Business Context
You’re joining the ML team at OncoDx, a healthcare diagnostics company that partners with 40+ hospital systems to deliver tumor-of-origin predictions for patients with ambiguous pathology. The product ingests RNA-seq from biopsy samples and returns a ranked list of likely cancer types to guide treatment selection. A wrong prediction can lead to inappropriate therapy, while a “no-call” result delays care—so the model must be accurate, calibrated, and auditable for clinical review.
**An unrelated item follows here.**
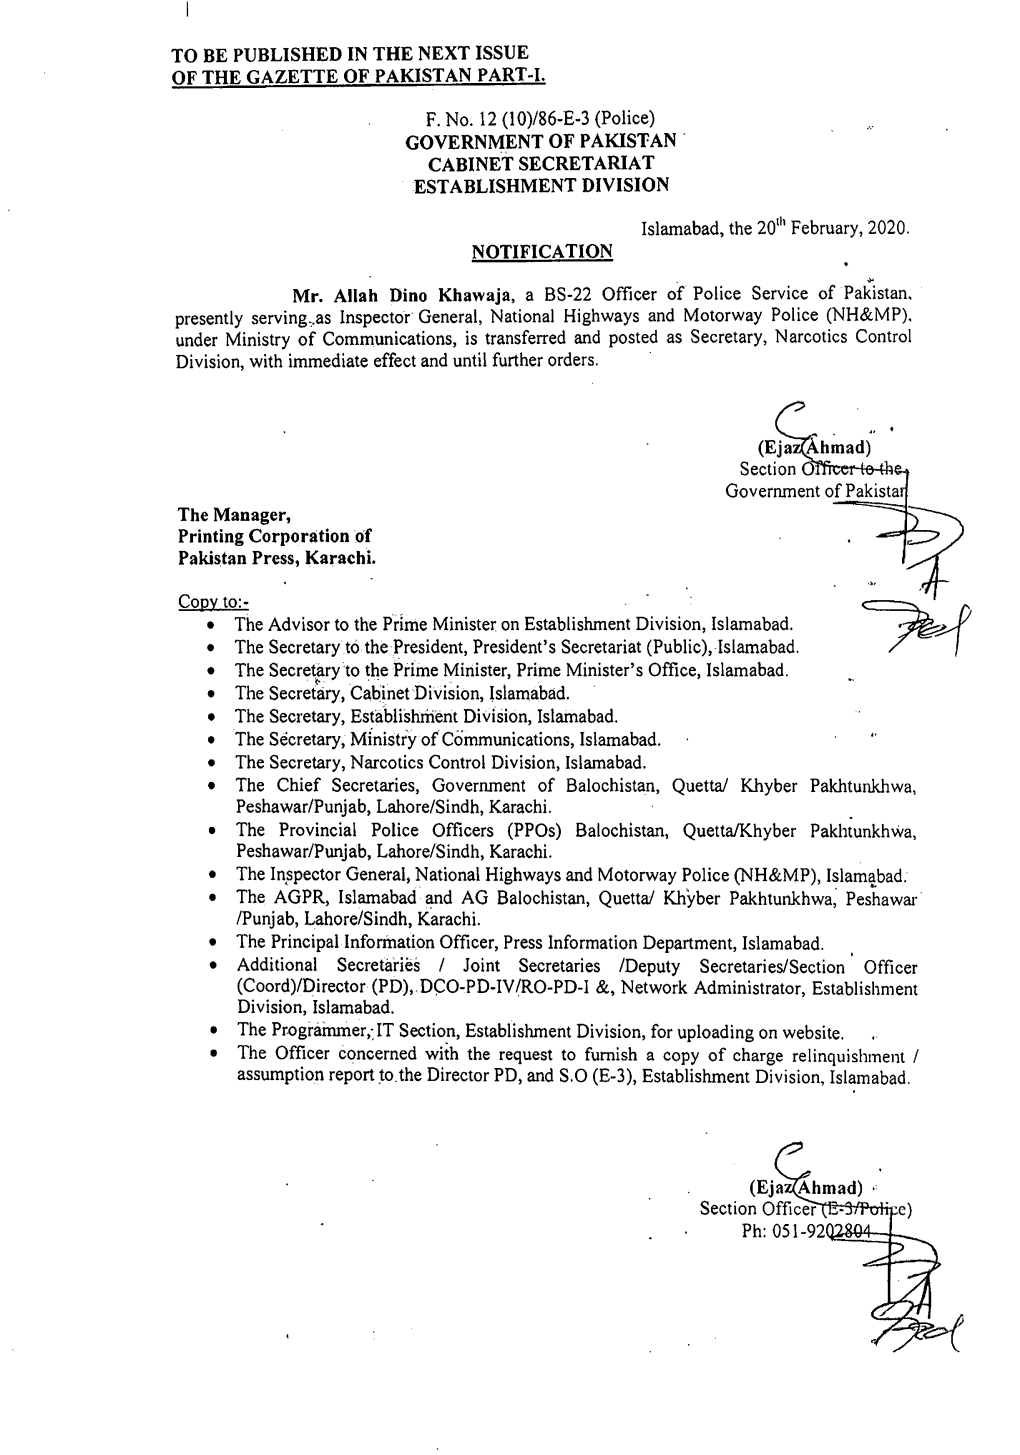 Police) GOVERNMENT of PAKISTAN CABINET SECRETARIAT ESTABLISHMENT DIVISION 20Th Islamabad, the February, 2020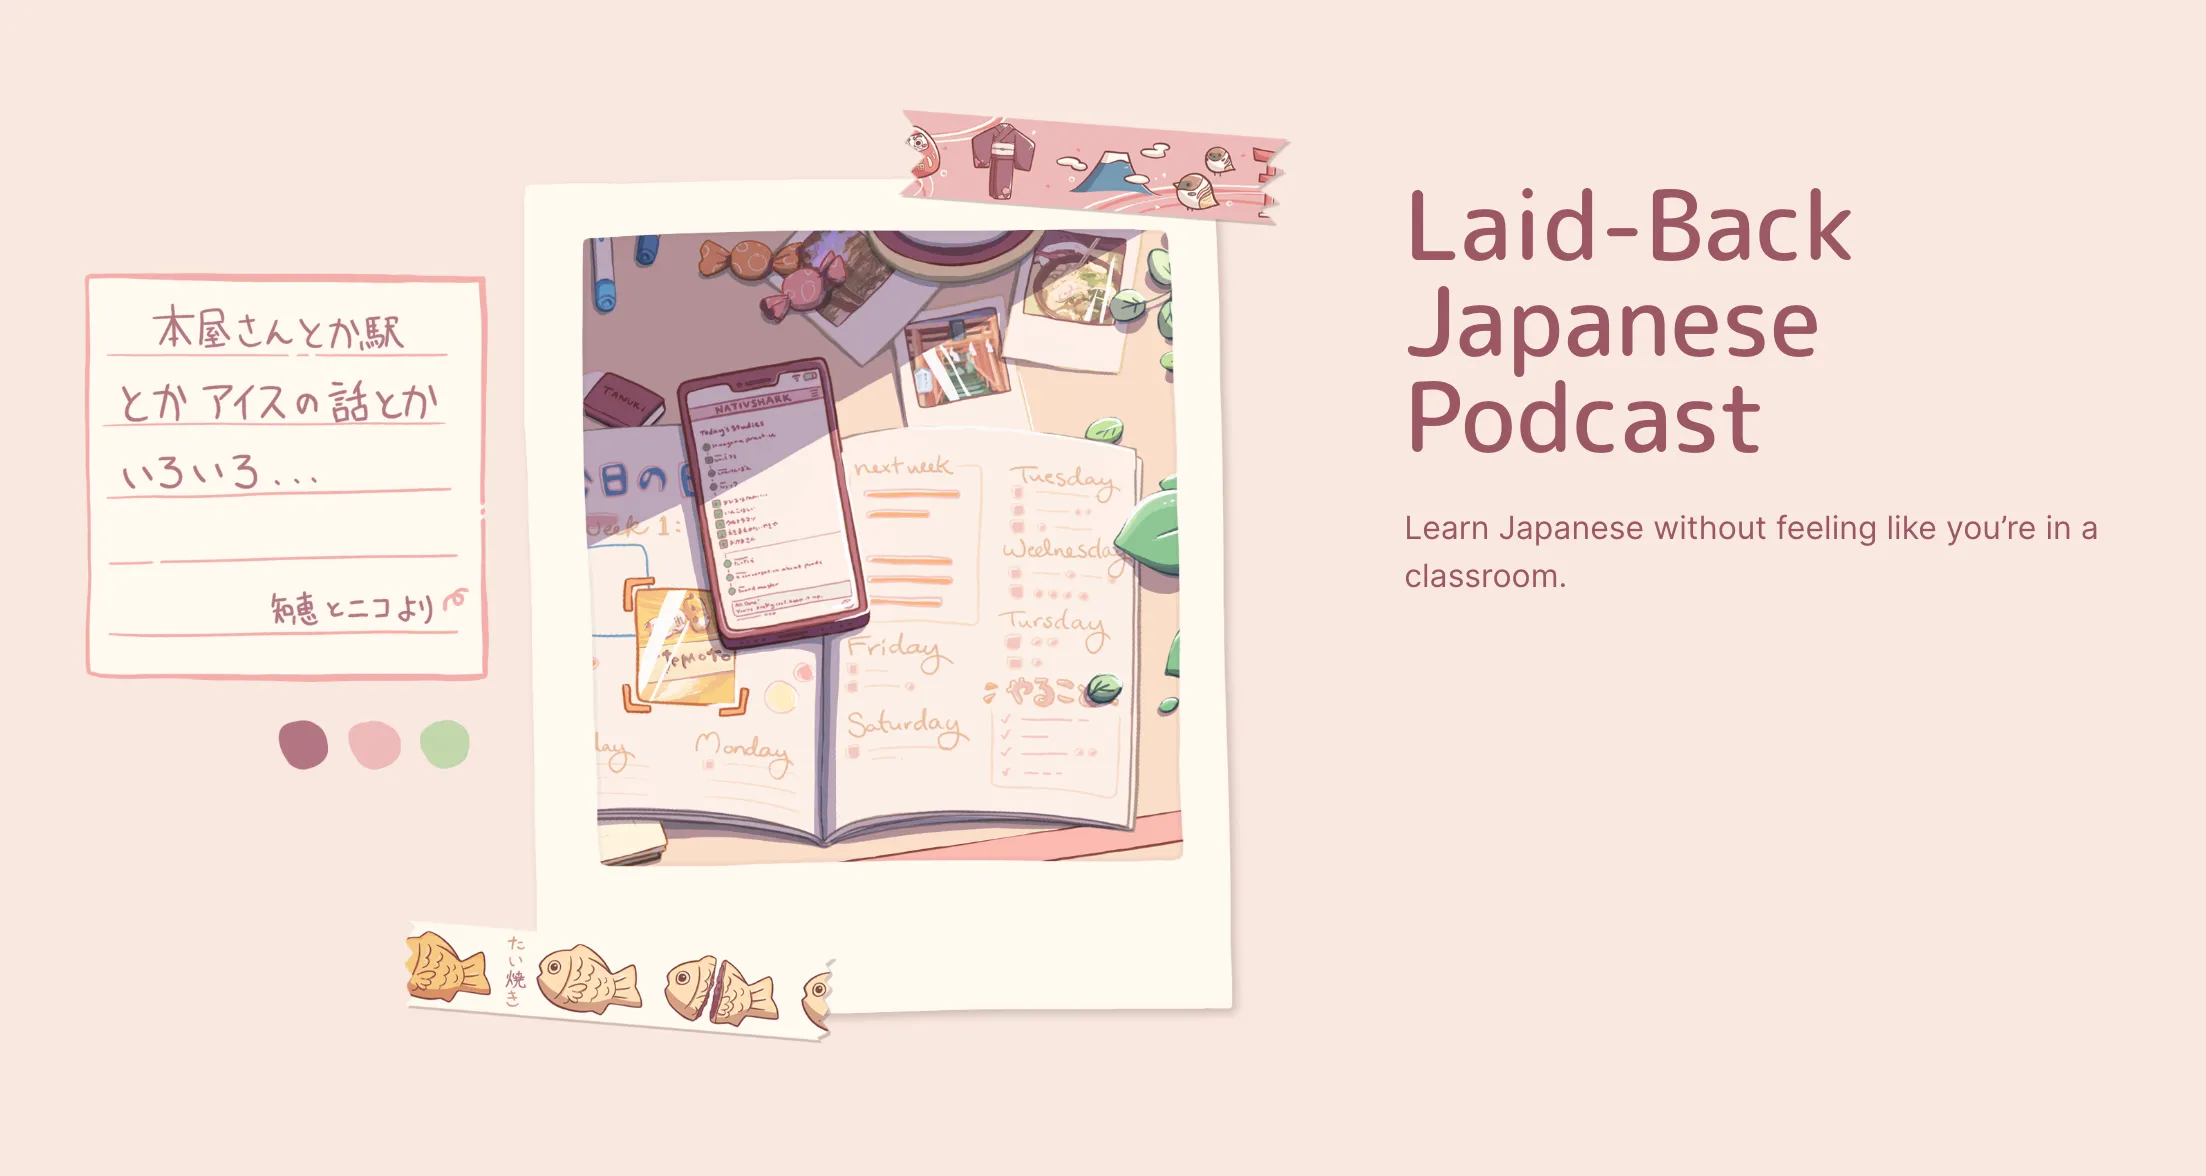 Laid-back Japanese Podcast landing page image

OncoDx has accumulated a large retrospective dataset and wants you to propose techniques to analyze genomic sequencing data and build a robust ML pipeline that can generalize across hospitals, sequencing runs, and batch effects.
Dataset
You are given a curated feature table derived from raw sequencing (assume alignment and quantification are already done). Each row is a sample.
| Feature Group | Approx. Count | Examples | Notes |
|---|
| Gene expression | 20,000 | TPM/CPM per gene | Long-tailed, sparse-ish, heavy batch effects |
| QC metrics | 25 | mapping_rate, duplication_rate, rRNA_rate, insert_size | Strong confounders; used for filtering and modeling |
| Metadata | 10 | hospital_id, library_prep_kit, sequencer_model, read_length | Some missing; high leakage risk if mishandled |
| Target label | 1 | cancer_type (18 classes) | Multi-class; imbalanced |
- Size: 120,000 samples total across 18 tumor classes; ~1.2 TB raw, ~9 GB feature table
- Class balance: Largest class ~22% (breast), smallest ~0.6% (bile duct)
- Missingness: ~8% missing in metadata fields (prep kit, sequencer model), ~2% samples with partial QC metrics
- Shift: Two new hospitals (10% of samples) use a newer library prep kit not present in early data
Success Criteria
- Clinical utility: Top-1 accuracy ≥ 0.78 overall and macro-F1 ≥ 0.70.
- Rare classes: Recall ≥ 0.55 for the bottom 5 classes by prevalence.
- Calibration: Expected Calibration Error (ECE) ≤ 0.04; enable a “no-call” threshold to keep false positives low.
- Generalization: Performance drop on held-out hospitals ≤ 5% absolute macro-F1 vs in-hospital test.
Constraints
- Interpretability: Must provide gene-level explanations suitable for clinical review (e.g., SHAP on a sparse linear model).
- Regulatory/audit: Reproducible preprocessing; strict train/test separation by hospital and time to avoid leakage.
- Compute: Training must finish in < 2 hours on a single 16-core CPU box with 64 GB RAM (no GPU assumed).
- Deployment: Batch scoring nightly; per-sample inference < 200 ms.
Deliverables (what you must produce)
- A proposed end-to-end approach to analyze RNA-seq data for classification, including normalization, batch effect handling, and feature selection/dimensionality reduction.
- A training/validation strategy that avoids leakage and measures generalization across hospitals.
- A baseline model and a stronger model, with justification for each.
- Evaluation plan with metrics aligned to class imbalance and clinical risk (including calibration and abstention/no-call).
- A brief plan for monitoring drift (new prep kits/hospitals) and when to retrain.